Dionysosmosaik und weitere römische Spuren
Vor fast 2000 Jahren wurde von hier aus die römische Provinz Niedergermanien regiert, die sich bis an die Nordsee erstreckte. Spuren dieser bedeutenden Zeit sind heute noch im Stadtbild zu entdecken: Am Roncalliplatz, nur wenige Meter südlich vom Dom entfernt, befindet sich das "Dionysosmosaik". Dieser Fußboden eines römischen Peristylhauses wurde 1941 entdeckt. Der Name geht zurück auf den dort dargestellten griechisch-römischen Gott Dionysos (Bacchus). Flankiert wird die Abbildung von zahlreichen kleineren Medaillons, in denen liebevolle Details aus dem römischen Alltag sowie dem Leben des Dionysos zu sehen sind.
Die römische Hafenstraße
1969 wurden beim Bau des Römisch-Germanischen Museums Reste einer römischen Straßenpflasterung freigelegt. Die Hafenstraße war ursprünglich breiter und leicht gewölbt. Die Fugen zwischen den Blaubasalten waren nur halb so breit wie heute. Die Straße führte zum in der Antike vorgelagerten Rheinarm, den die Römer als Hafeneinfahrt nutzten. So konnten die Römer schon sehr fortschrittlich den Transport ihrer Truppen und Waren regeln.
Die römische Wasserleitung und die "Cloaca Maxima"
Einen Einblick in die Entwässerung des römischen Kölns ermöglicht ein kleiner Abschnitt des Abwasserkanals, der auf dem Theo-Burauen-Platz aufgestellt ist. Direkt darunter befindet sich die "Cloaca Maxima", die das Abwasser damals in den Rhein leitete. Bereits im 1. Jahrhundert nach Christus haben römische Bausoldaten außerdem eine Wasserleitung von der Eifel bis nach Köln errichtet. Mit einer Länge von 95 km und einer Kapazität von 20.000.000 Litern frischem Quellwasser täglich war die Leitung eine große Ingenieursleistung.

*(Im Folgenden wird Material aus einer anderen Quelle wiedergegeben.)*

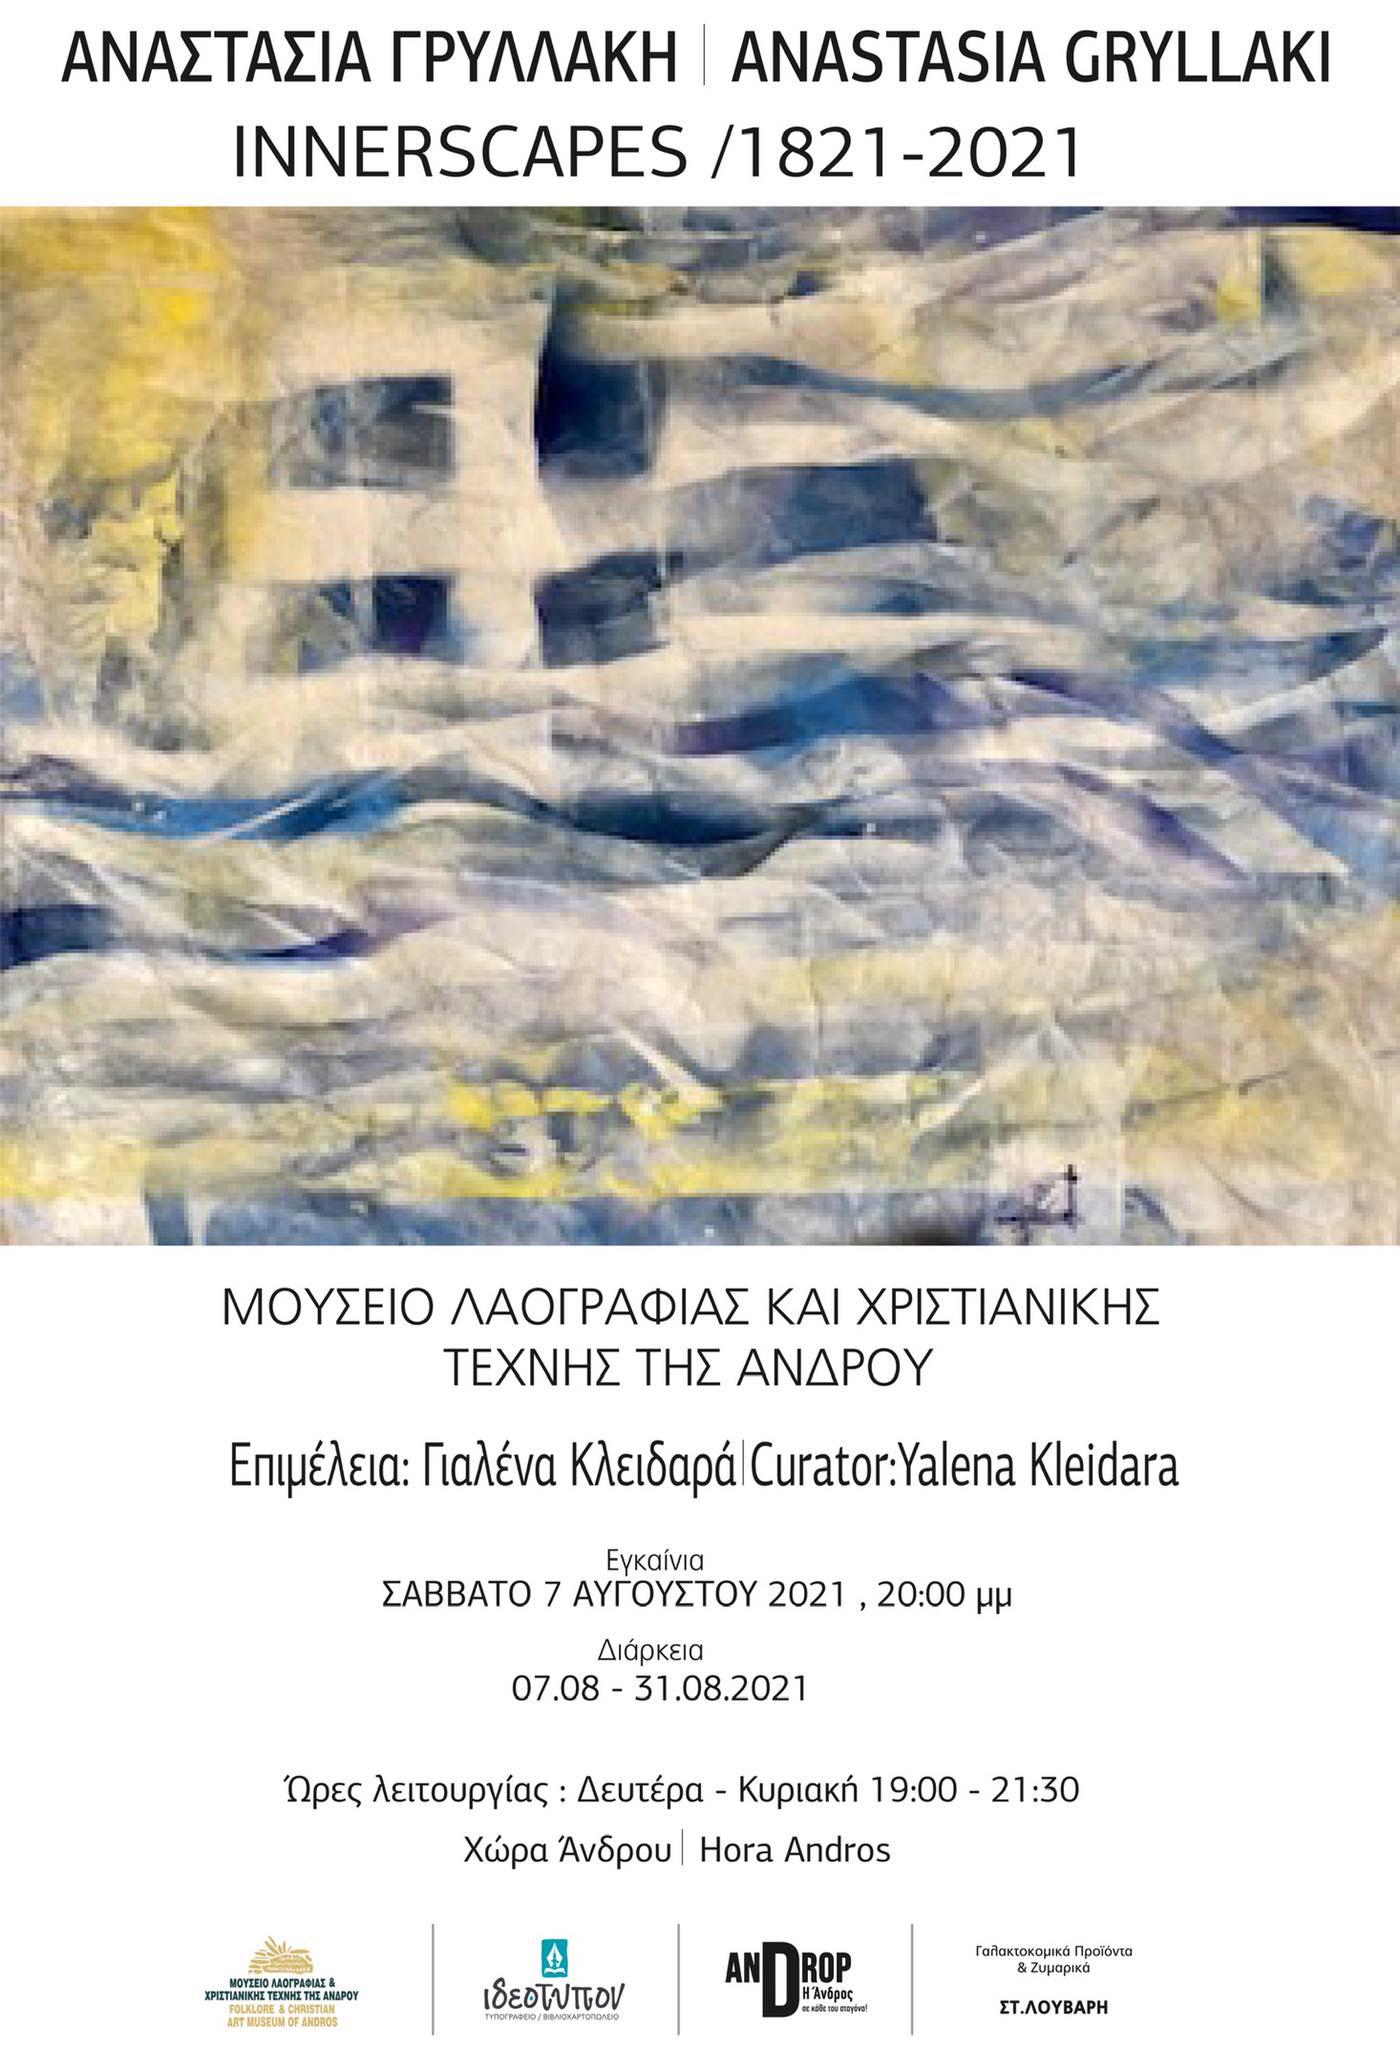 Innerscapes: Έκθεση της Αναστασίας Γρυλλάκη στο Μουσείο Λαογραφίας & Χριστιανικής Τέχνης Άνδρου

Ausgrabungen unter der romanischen Kirche Groß Sankt Martin
In der romanischen Kirche Groß Sankt Martin besuchen wir nach Möglichkeit die Ausgrabungen in der Krypta. Hier besichtigen wir die Fundamente eines römischen Wasserbeckens sowie die Reste von Säulenfundamenten römischer Lagerhallen.
Köln unterirdisch – die verborgenen Schätze der römischen Stadtmauer
Köln, einst bekannt als Colonia Claudia Ara Agrippinensium, birgt eine faszinierende unterirdische Welt, die Sie auf eine Reise in die römische Vergangenheit entführt. Eine der beeindruckendsten Entdeckungen ist die römische Stadtmauer, die einst die Stadt schützte und deren Überreste tief unter der Erde verborgen liegen. Bei unserer Führung "Köln unterirdisch" können Sie die massive Bauweise der Mauer und ihre Bedeutung für die römische Stadtbewohner nachvollziehen. Diese archäologischen Schätze geben einen faszinierenden Einblick in die städtische Verteidigung und das alltägliche Leben vor beinahe 2000 Jahren.
Köln unterirdisch – Kunst und Infrastruktur der Römer
Einer der Höhepunkte von "Köln unterirdisch" ist das Dionysosmosaik, ein prachtvolles Bodenmosaik, das eine Festszene zu Ehren des Weingottes Dionysos zeigt. Dieses Werk zeugt von der hohen Kunstfertigkeit der römischen Handwerker und der kulturellen Bedeutung, die solche Darstellungen in der römischen Gesellschaft hatten. Weiter führt die Tour zur römischen Hafenstraße, die damals das geschäftige Herz der Stadt war. Hier erfahren Sie, wie Händler und Kaufleute damals ihre Waren verluden und reges Treiben herrschte. Auch die ausgeklügelte römische Wasserleitung und die Cloaca Maxima, das beeindruckende Kanalsystem, sind Teil von "Köln unterirdisch". Diese Bauwerke demonstrieren die fortschrittliche Ingenieurskunst der Römer und ihre Fähigkeit, komplexe Infrastrukturen zu errichten.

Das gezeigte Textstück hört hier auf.